▶ WORK REQUEST
I would like the lines below, from the one with "Muggle Snuggle" through the one with "Político italiano Palmiro", copied exactly and without any pictures.

▶ DATA EXTRACT

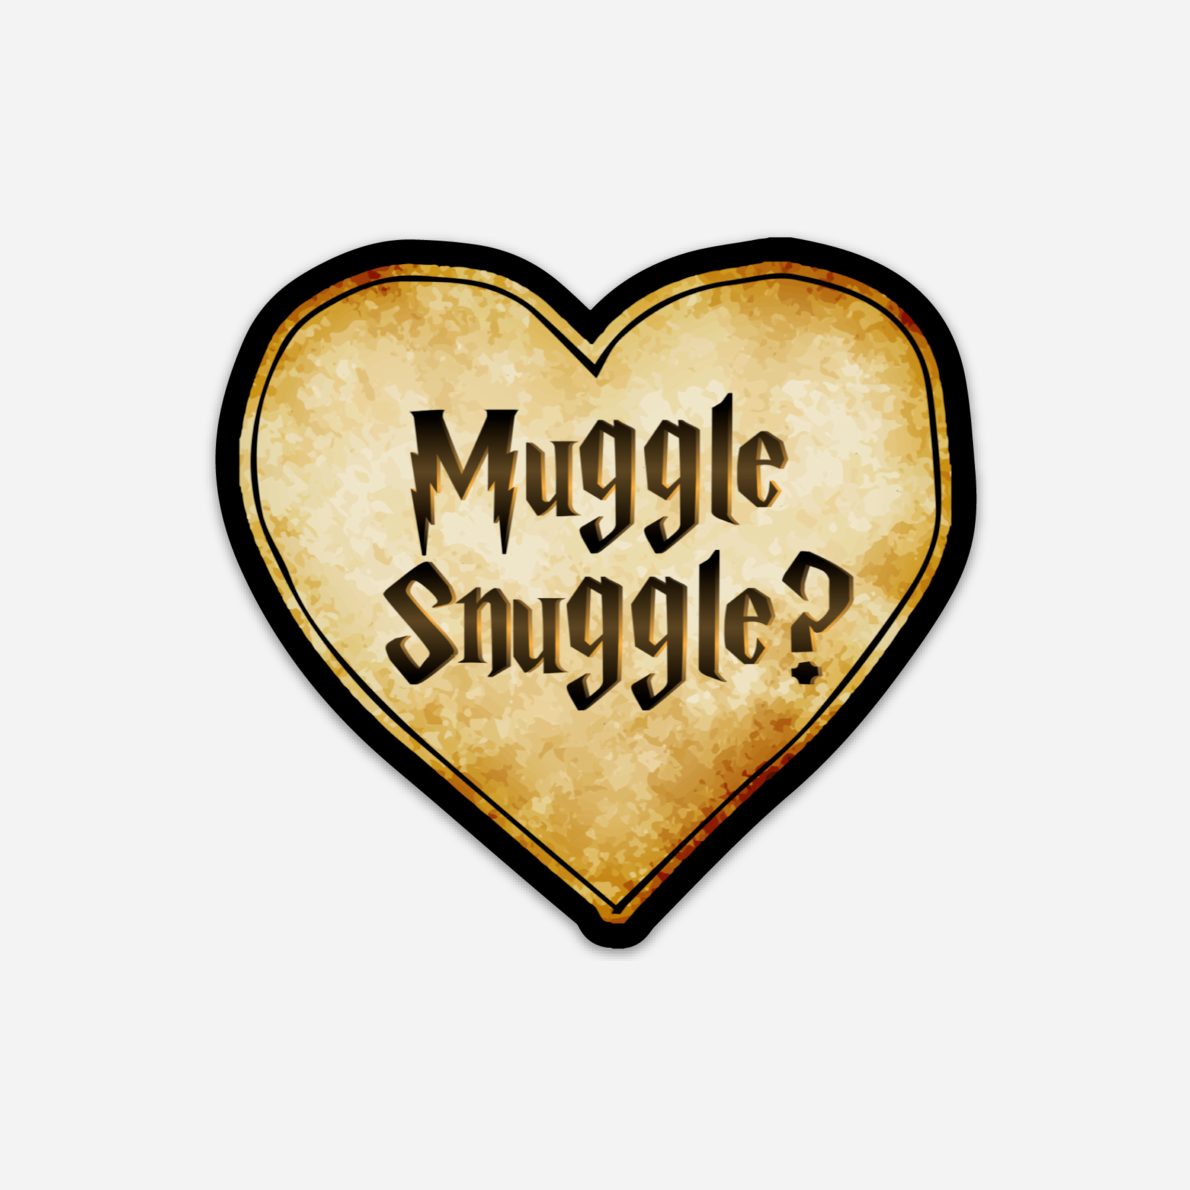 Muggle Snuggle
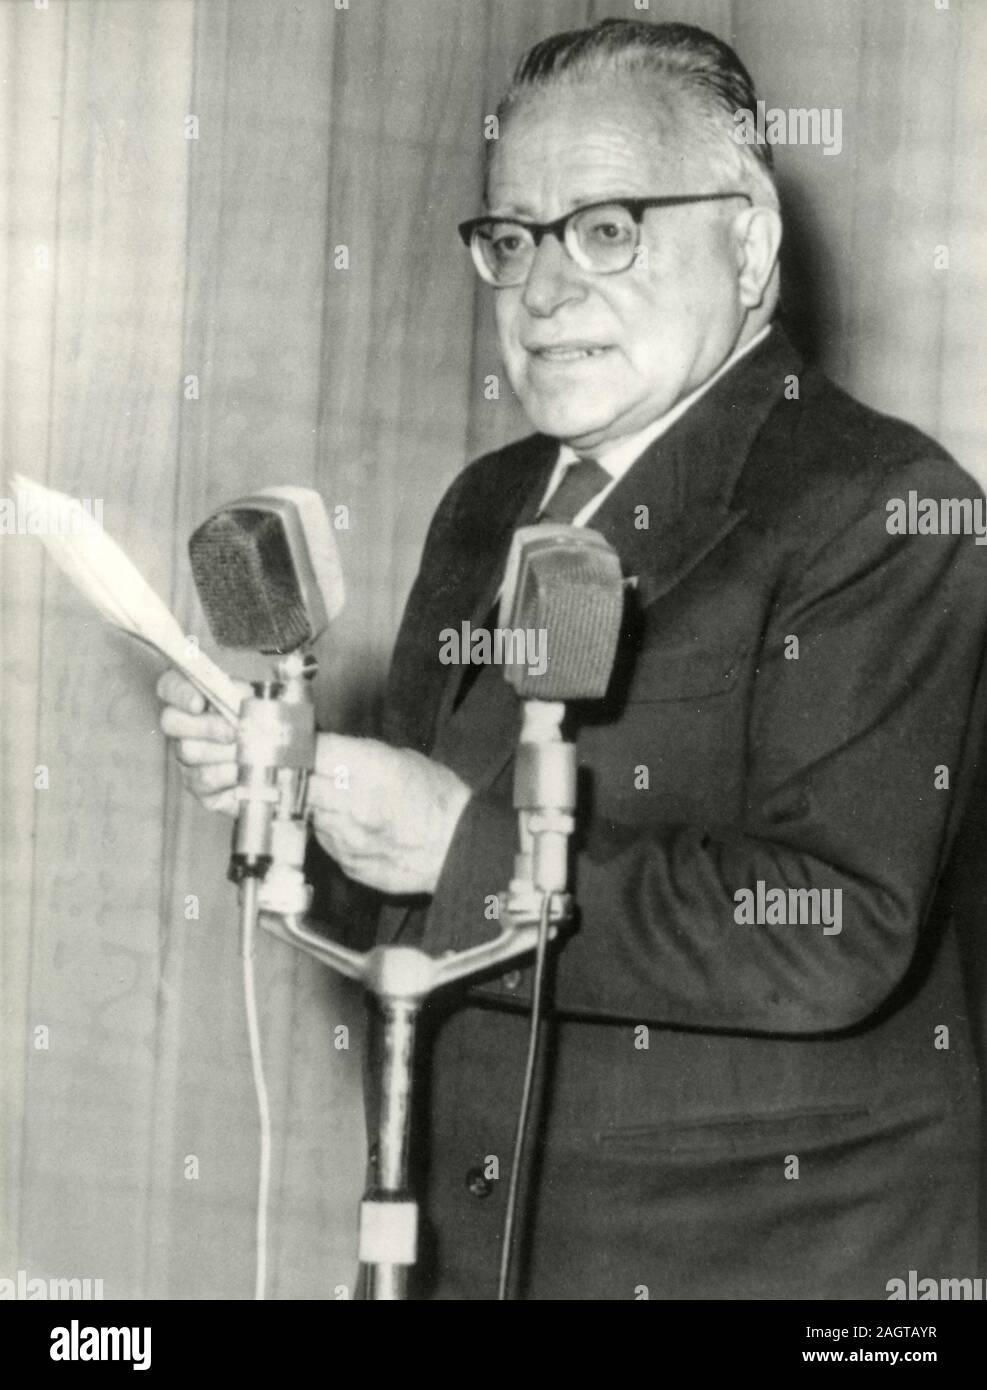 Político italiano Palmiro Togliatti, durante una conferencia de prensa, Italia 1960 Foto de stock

---

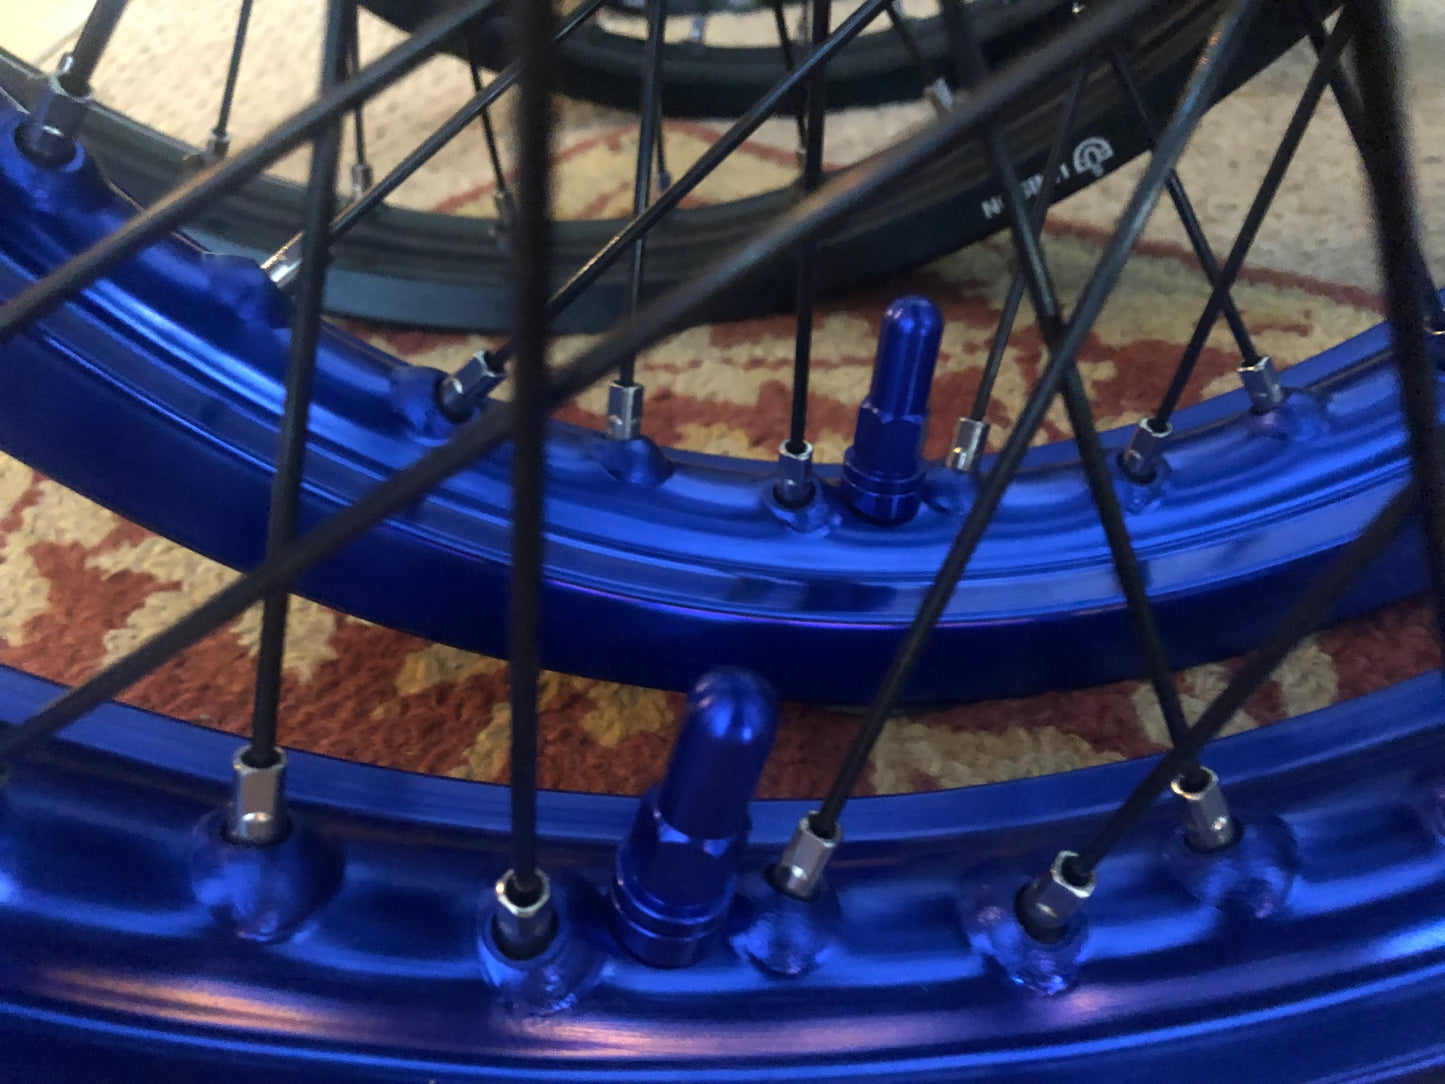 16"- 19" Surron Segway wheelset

▶ RESPONSE TO THIS TASK
 Muggle Snuggle
 Político italiano Palmiro Togliatti, durante una conferencia de prensa, Italia 1960 Foto de stock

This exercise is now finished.